Because the Arizona general/default limitations period is 2 years under A.R.S. § 13-107(A), the checker’s job is to confirm your sheet computes that window consistently (and that your date fields are interpreted correctly).

For reference, the statute description is commonly summarized here: https://www.findlaw.com/state/arizona-law/arizona-criminal-statute-of-limitations-laws.html?utm_source=openai

Gentle note: This is a spreadsheet validation workflow description, not legal advice. It’s intended to help you avoid data and logic errors when applying the 2-year general/default window in your spreadsheet.

Try the checker

You can try DocketMath’s closing-cost tool from:

To get the most reliable checks, standardize your inputs so the tool can compute duration consistently across your dataset.

Upload the spreadsheet, review the warnings, and then run the calculation once the inputs are clean: Try the checker.

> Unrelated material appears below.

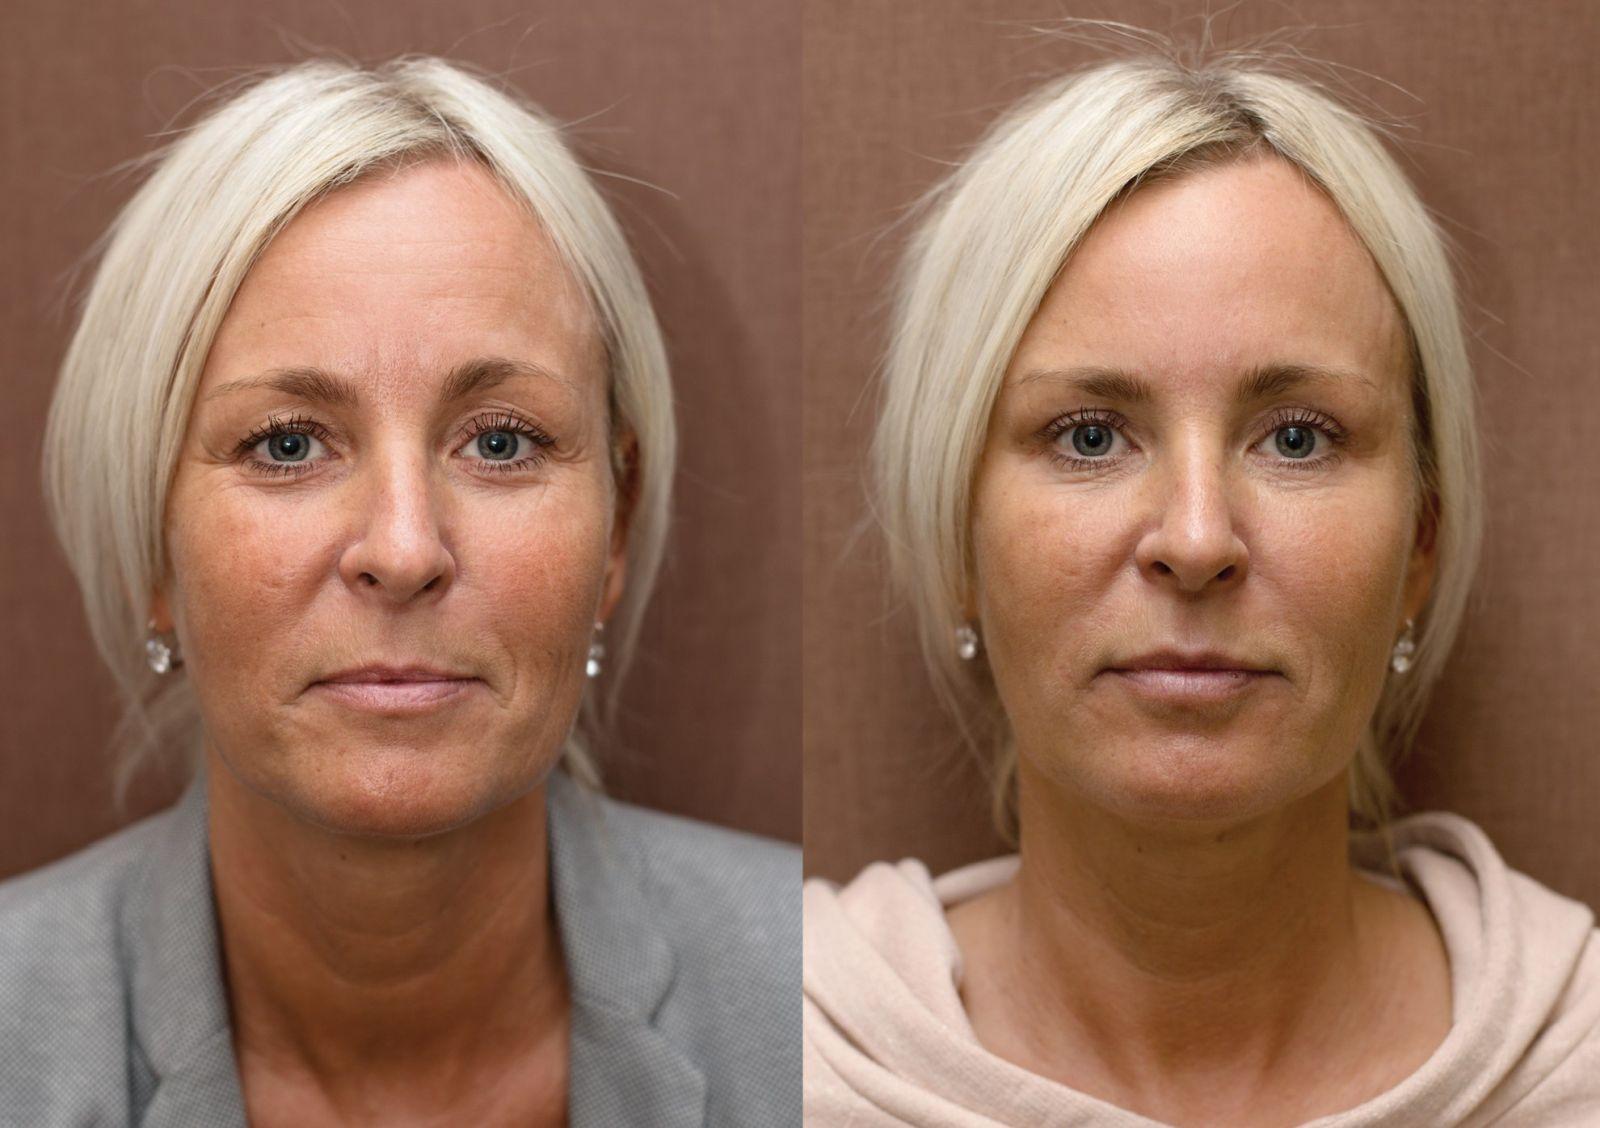 Anti-aging proměny: Injekční výplně, operace víček, plasmaterapie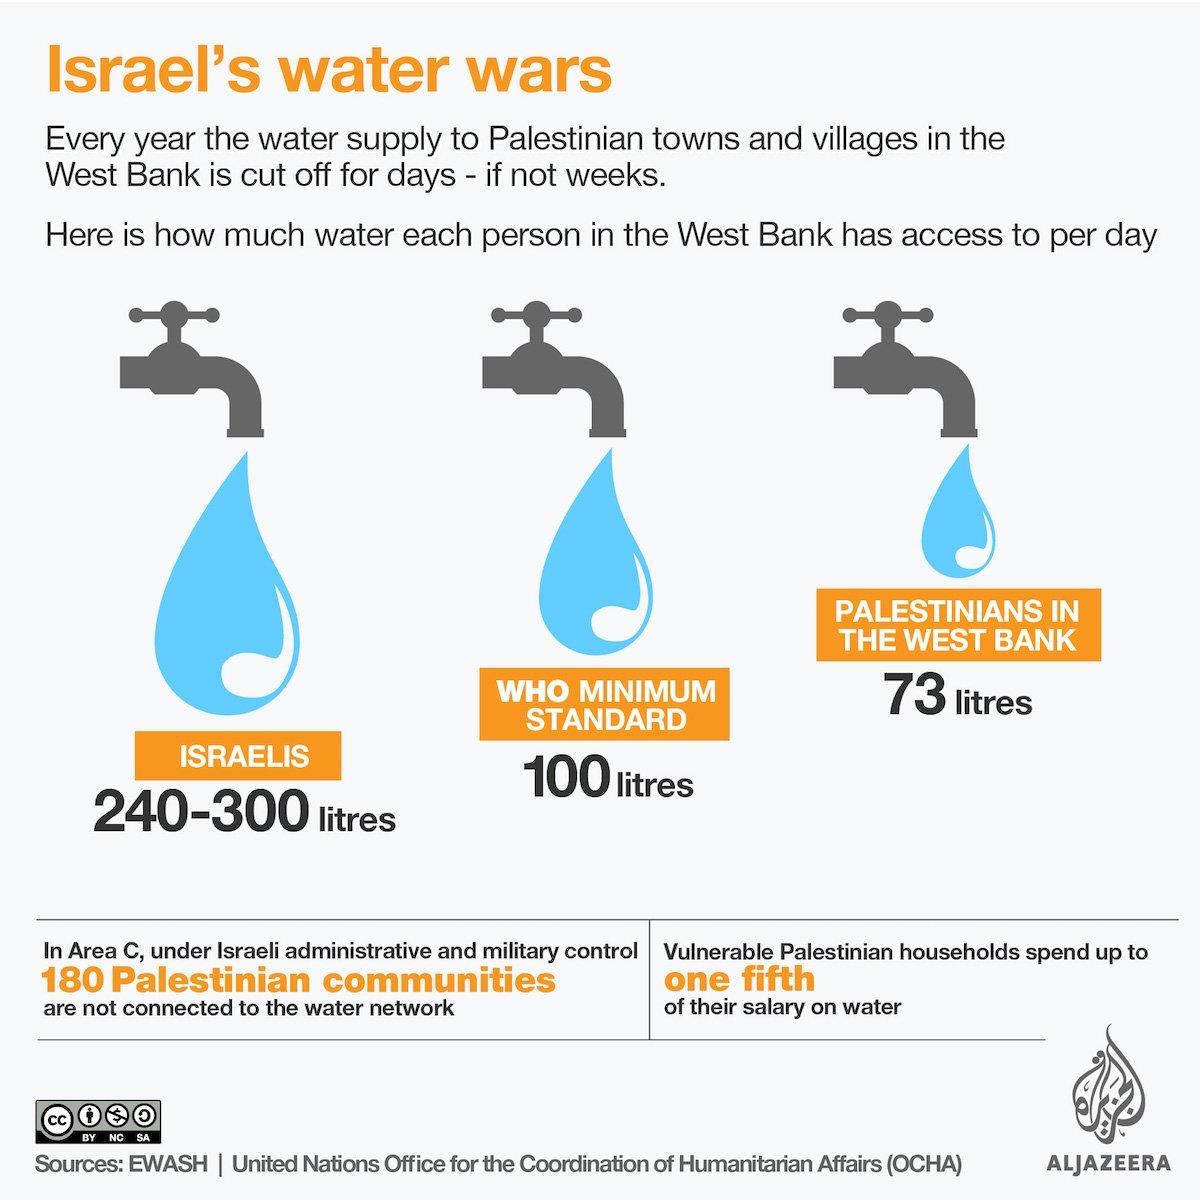 Israel's water cuts: West Bank 'in full crisis mode' @AJENews  https://t.co/8j6GycJJXr https://t.co/l78CmxdB6u

Date inputs to standardize

Aim for a consistent set of date fields across your tabs:

  • Event date (the date you’re measuring from)
  • Filed date (the date you’re measuring to)
  • Optional, but often helpful:
    • Update date (if your sheet tracks amendments or re-filing)
    • Status date (if you filter which records are included)

What to expect in the output

As you adjust your sheet, the checker output should change in predictable ways. For example:

If you change…Then the checker should…Likely effect on closing-cost run
Event date earlier by 1–30 daysExpand time spanMore records may be treated as outside/inside depending on your timeliness rule logic
Filed date later by 1–30 daysExpand time spanSame general expectation: boundary flips become more likely
A “date” column is textFlag parsing/inconsistencyResults may be incomplete or blocked until fixed
Date columns are swappedDetect negative/impossible durationsChecker will raise higher-severity alerts and prevent silent failure
Day-count method changesNormalize/re-validateBoundary cases flip less often once everything is standardized

Use a “small first” workflow

A simple Arizona workflow many teams use:

  1. Run the checker on a small subset first (10–25 rows).
  2. Verify every required date field parses cleanly.
  3. Confirm durations align with your expectation for “from/to” direction.
  4. Only then run the full closing-cost calculation.

Warning: If your spreadsheet mixes formats across tabs (e.g., MM/DD/YYYY in one tab and YYYY-MM-DD in another), the checker may still flag inconsistencies even when a human reader would interpret both “correctly.”